The express is scheduled to run along the same stretch of Lake Shore Blvd. W. where the TTC has a stop for its busy Queen St. streetcar line. The bus would pick up residents from six waterfront condos, making four weekday morning runs to Union Station beginning at 6:45 a.m., with the last evening bus returning at 6:55 p.m.
The service’s proposed launch date, April 1, coincides with a TTC fare increase. The company plans promotional runs Thursday and Friday for $2 a ride.

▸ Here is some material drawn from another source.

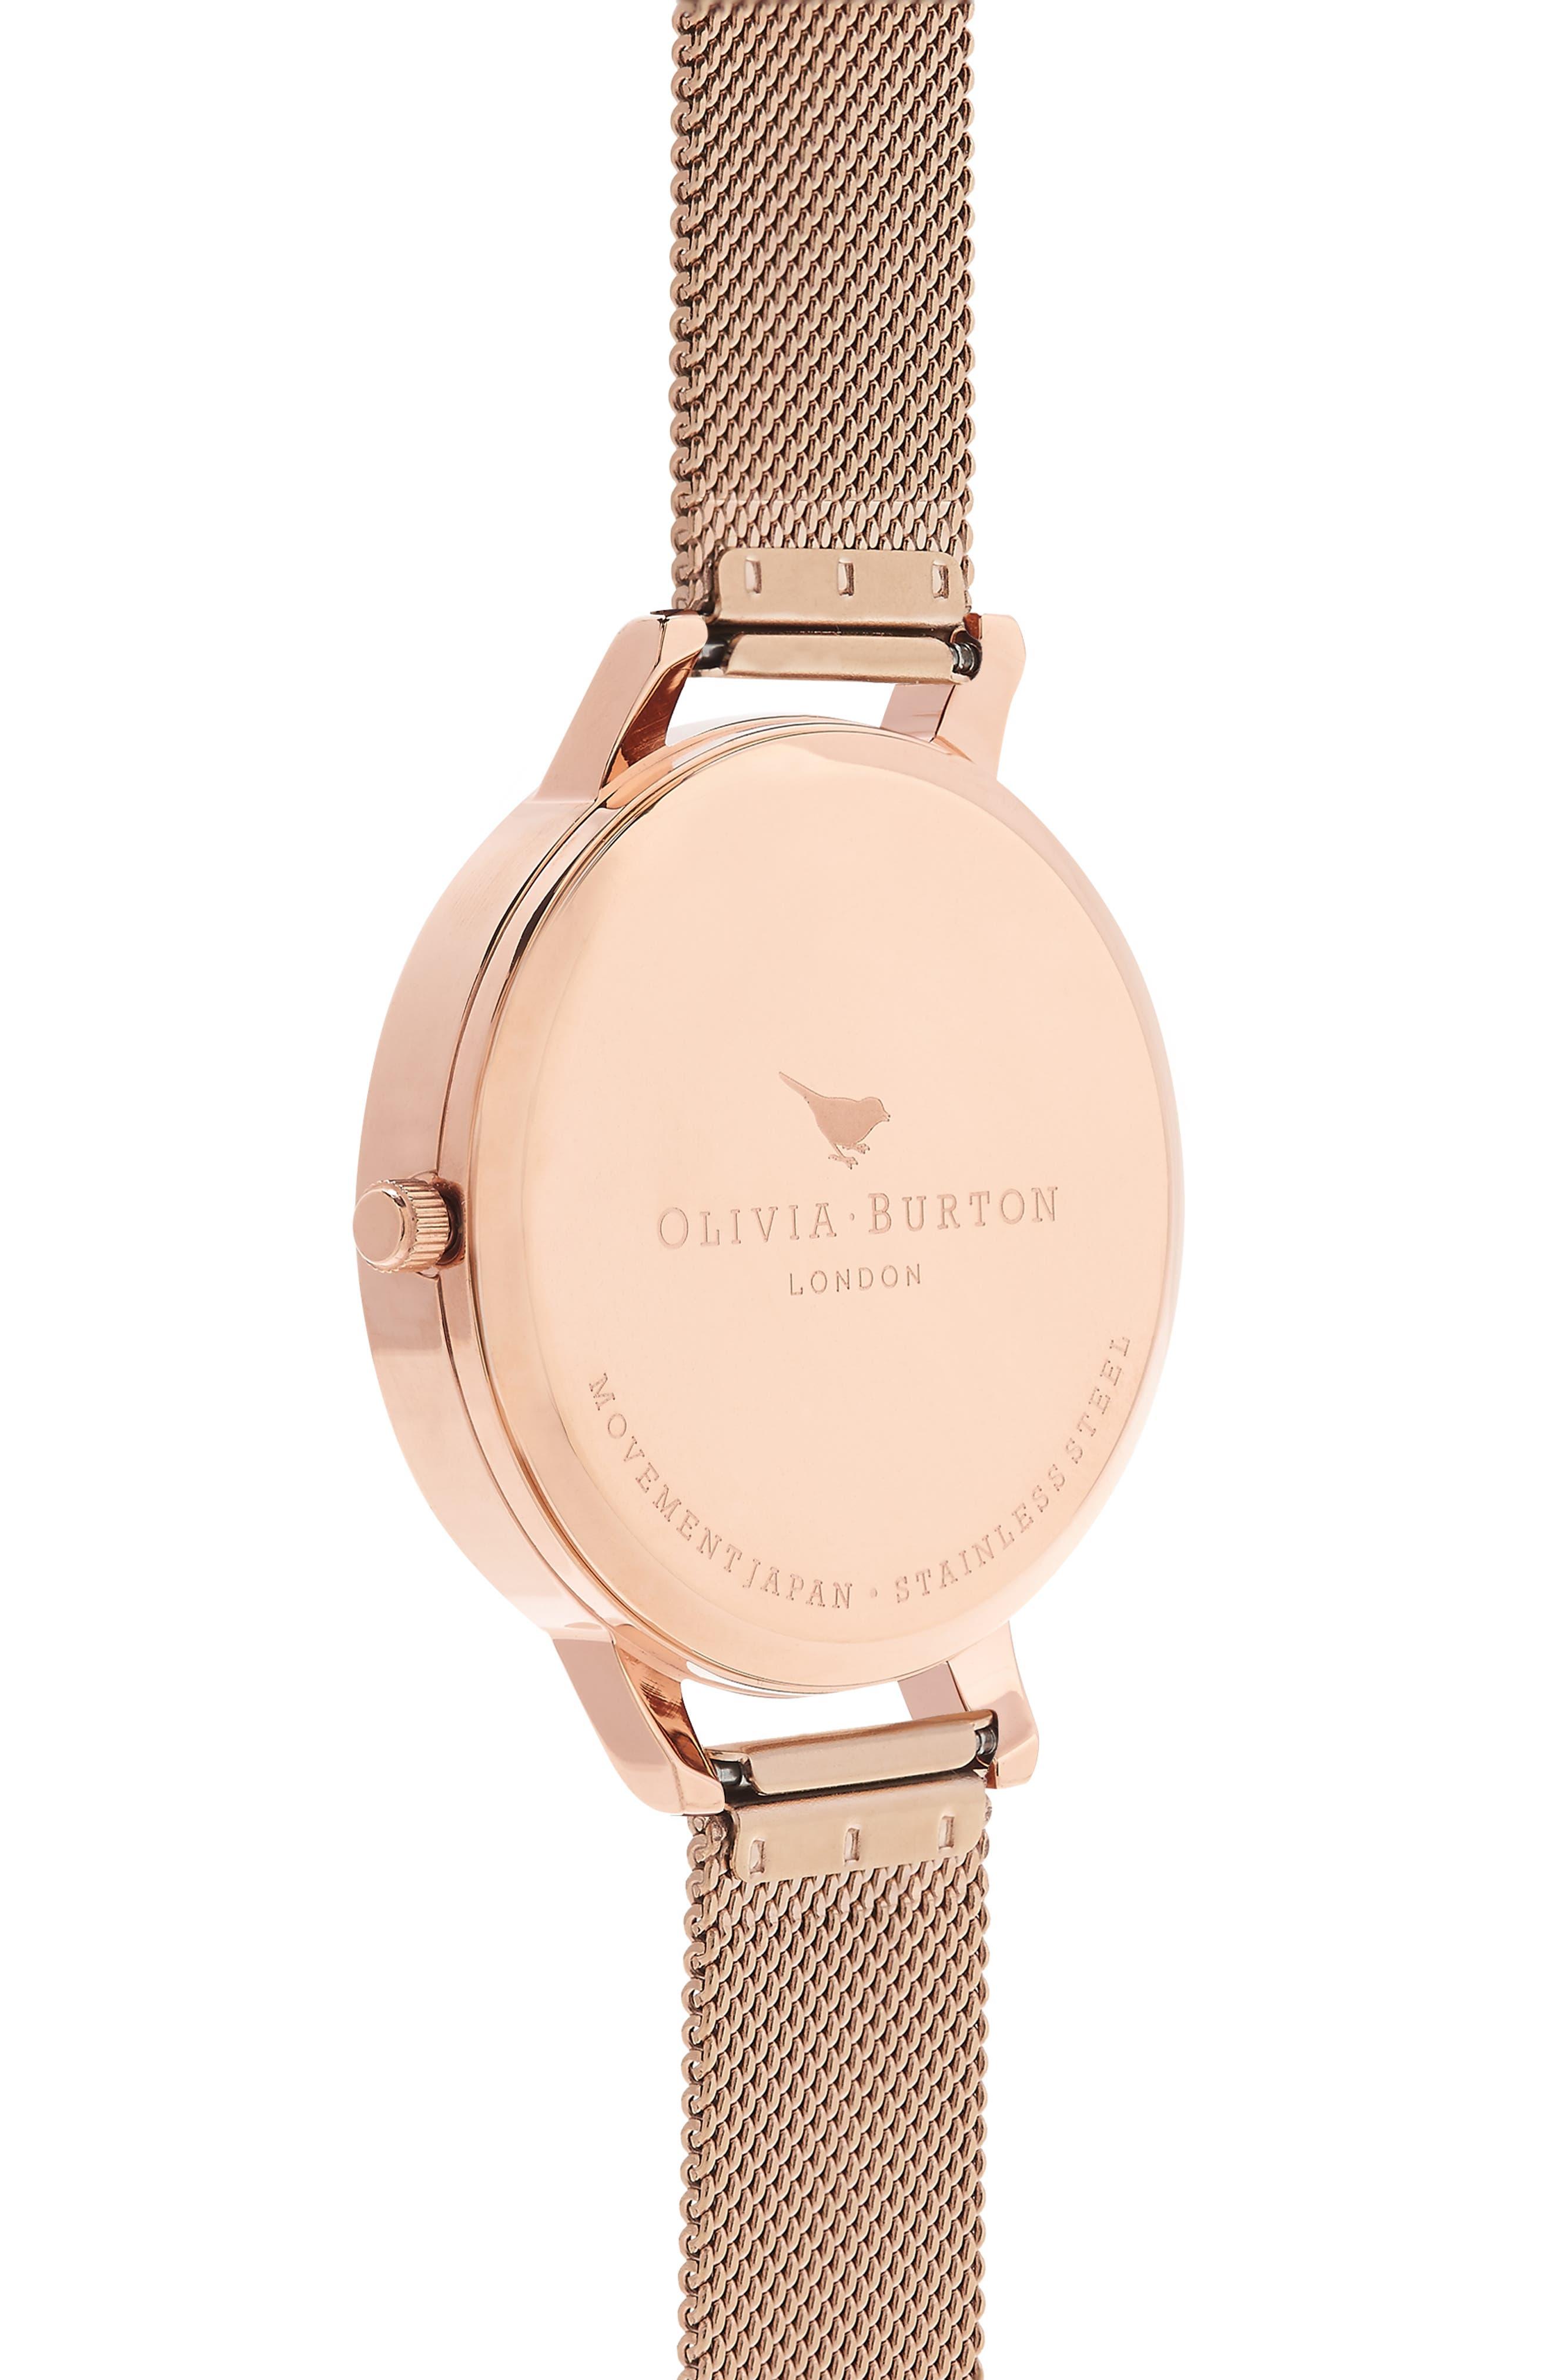 OLIVIA BURTON, Signature Florals Mesh Bracelet Watch, 38mm, Alternate thumbnail 3, color, ROSE GOLD/ ROSE GOLD/ WHITE

Attempts to reach Humber Bay Express president Daniel Tatomyr were unsuccessful this week and calls to the company’s sales office, set to open today at 2067 Lake Shore Blvd. W., weren’t answered. As of yesterday, a letter from Tatomyr to potential clients had been removed from the company’s website along with other references to him.

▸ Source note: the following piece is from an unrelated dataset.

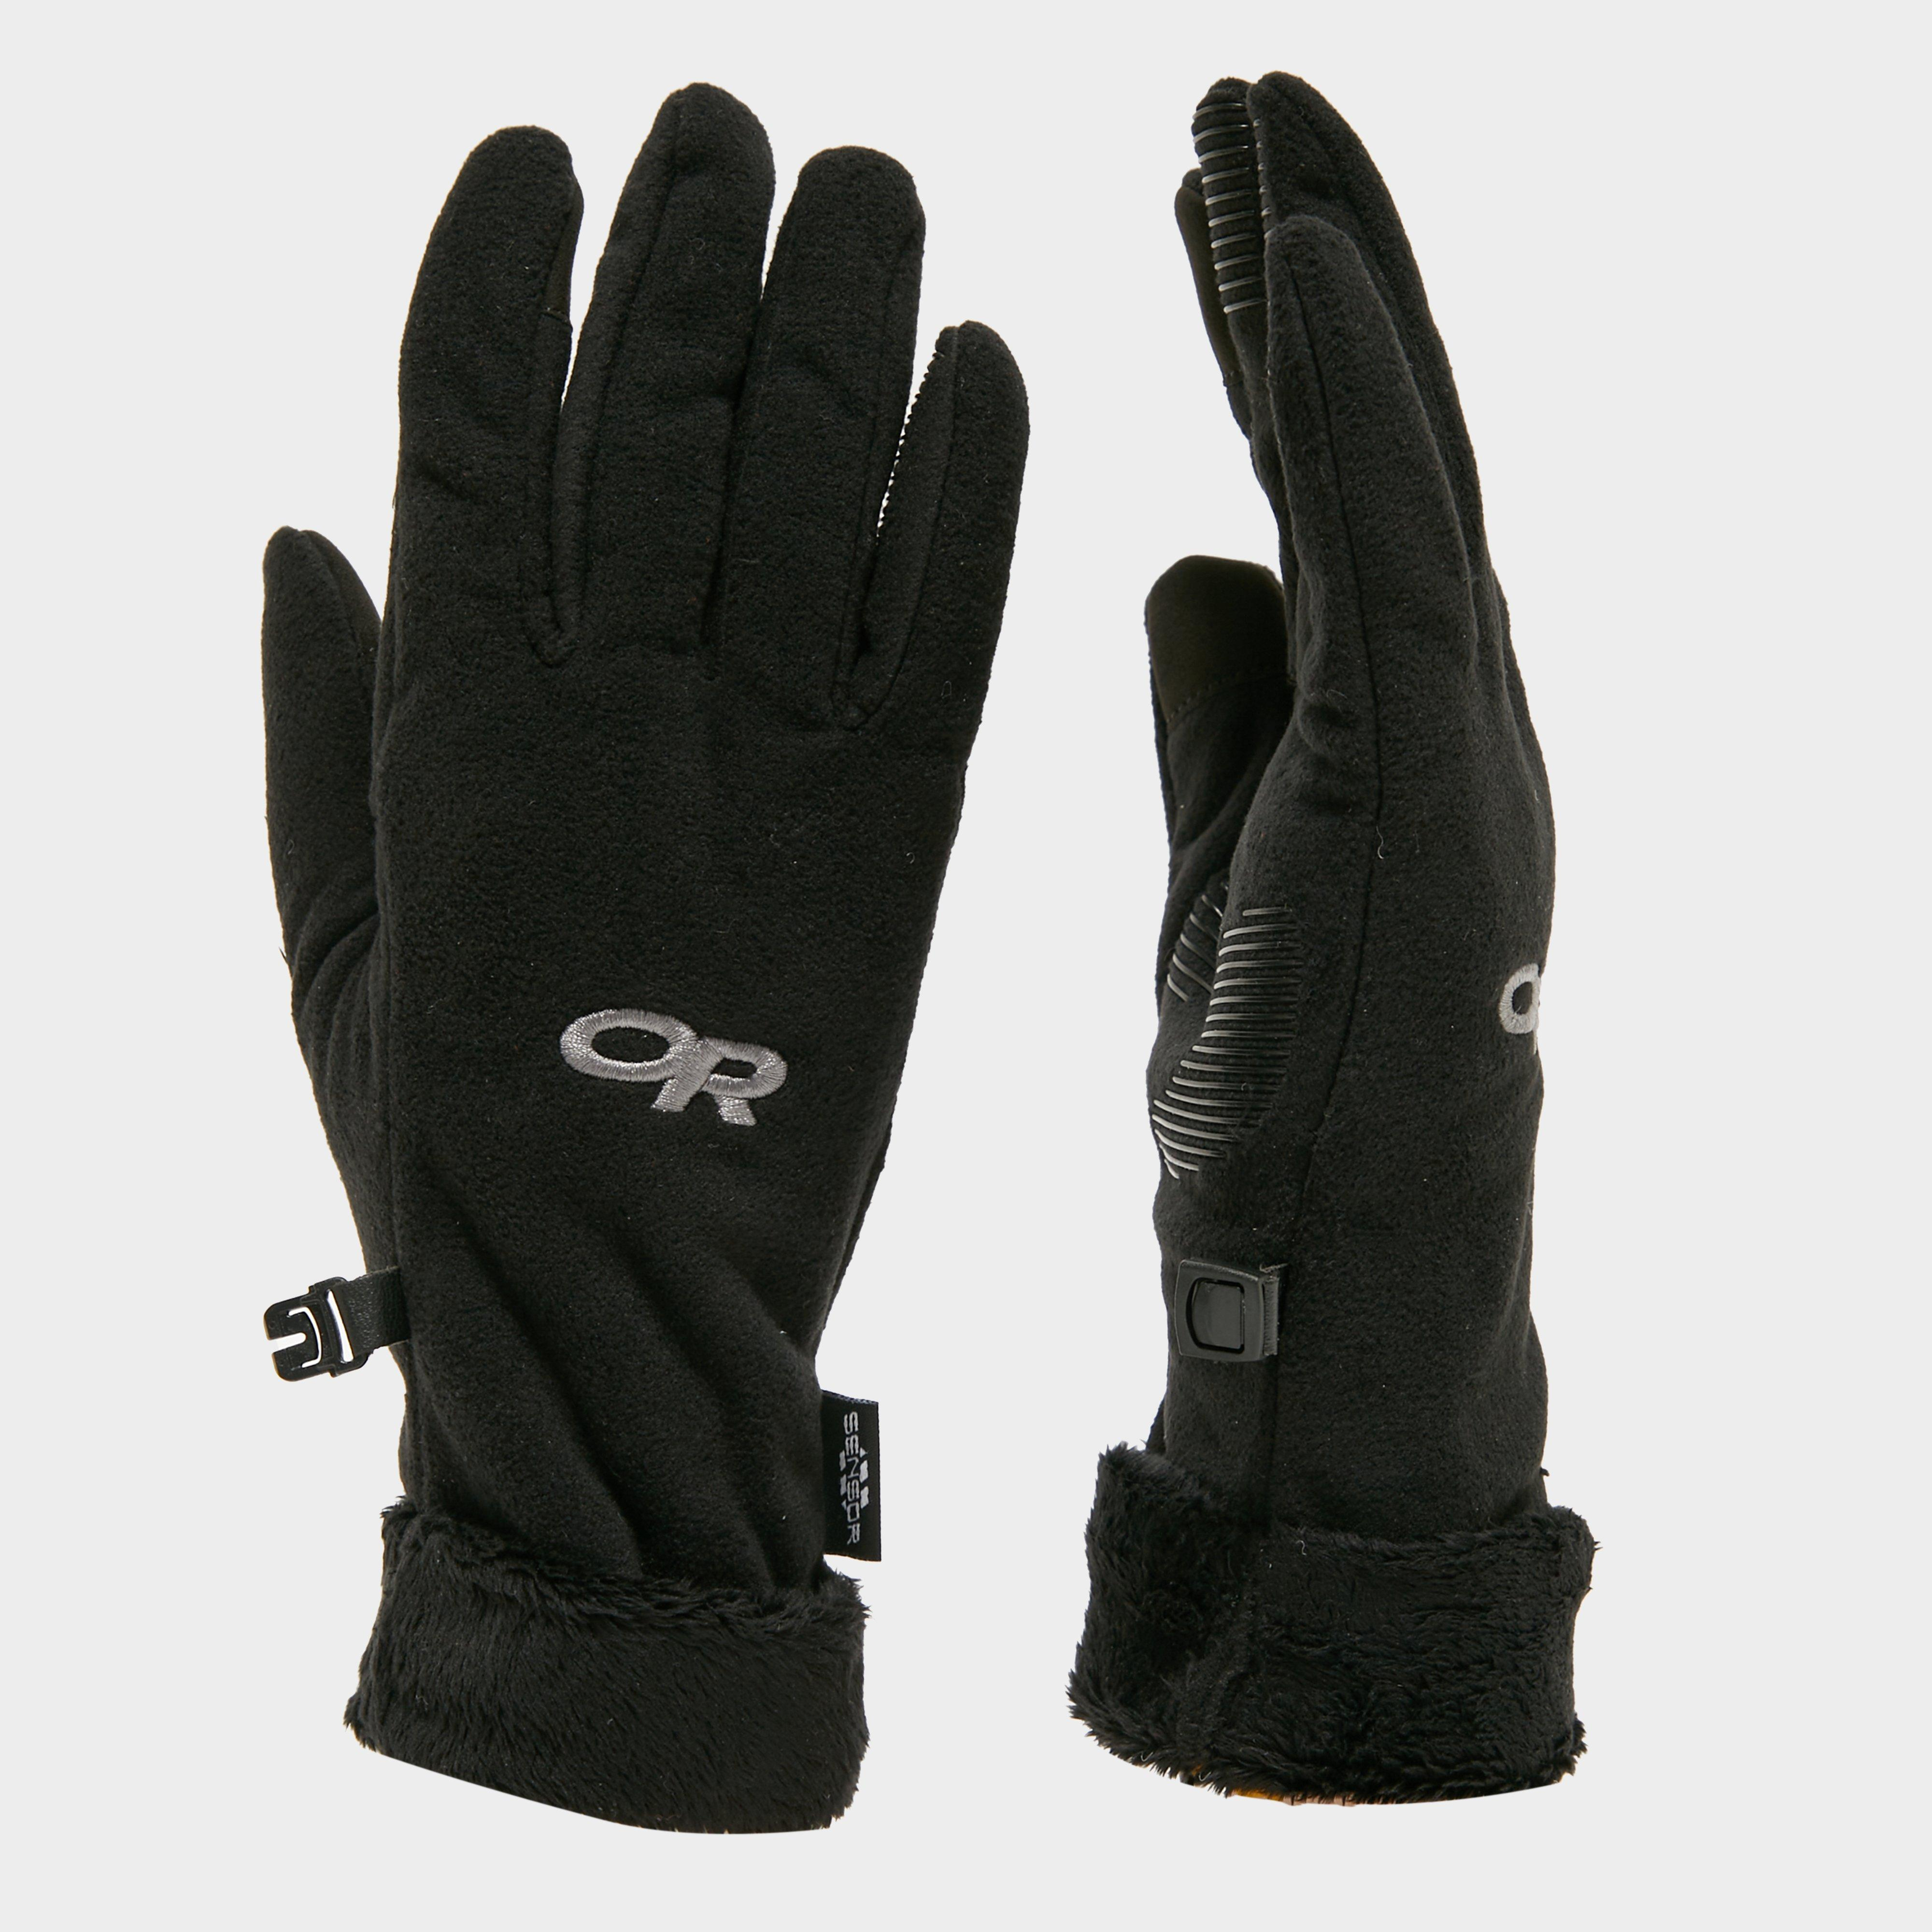 Outdoor Research Women's Fuzzy Sensor Gloves, Black

But there is support for the service in the neighbourhood. “Is it going to stop in front of my restaurant?” said Joseph Muscatello, proprietor of Baroli Caffe, at 2083 Lake Shore Blvd. W.
Muscatello drives to work from his home north of the city in Caledon every day. Still, he said, with such a high concentration of first-time homeowners in the area, the Humber Bay Express might appeal to people looking to save on parking and car payments. “I think it’s a great idea.”
Others say TTC service suits them fine. Scott Knox lives in the Waterford condominium and drives to his job at a Mississauga golf course every day. His live-in girlfriend, meanwhile, takes the streetcar to work downtown at the Hospital for Sick Children. “She has no problem with it,” Knox said.
In the meantime, Jim Lord of the condo association is hoping to meet with the TTC again to find another solution to selling 70 passes.
“It’s hard to get someone to buy a pass for a bus that’s not going.”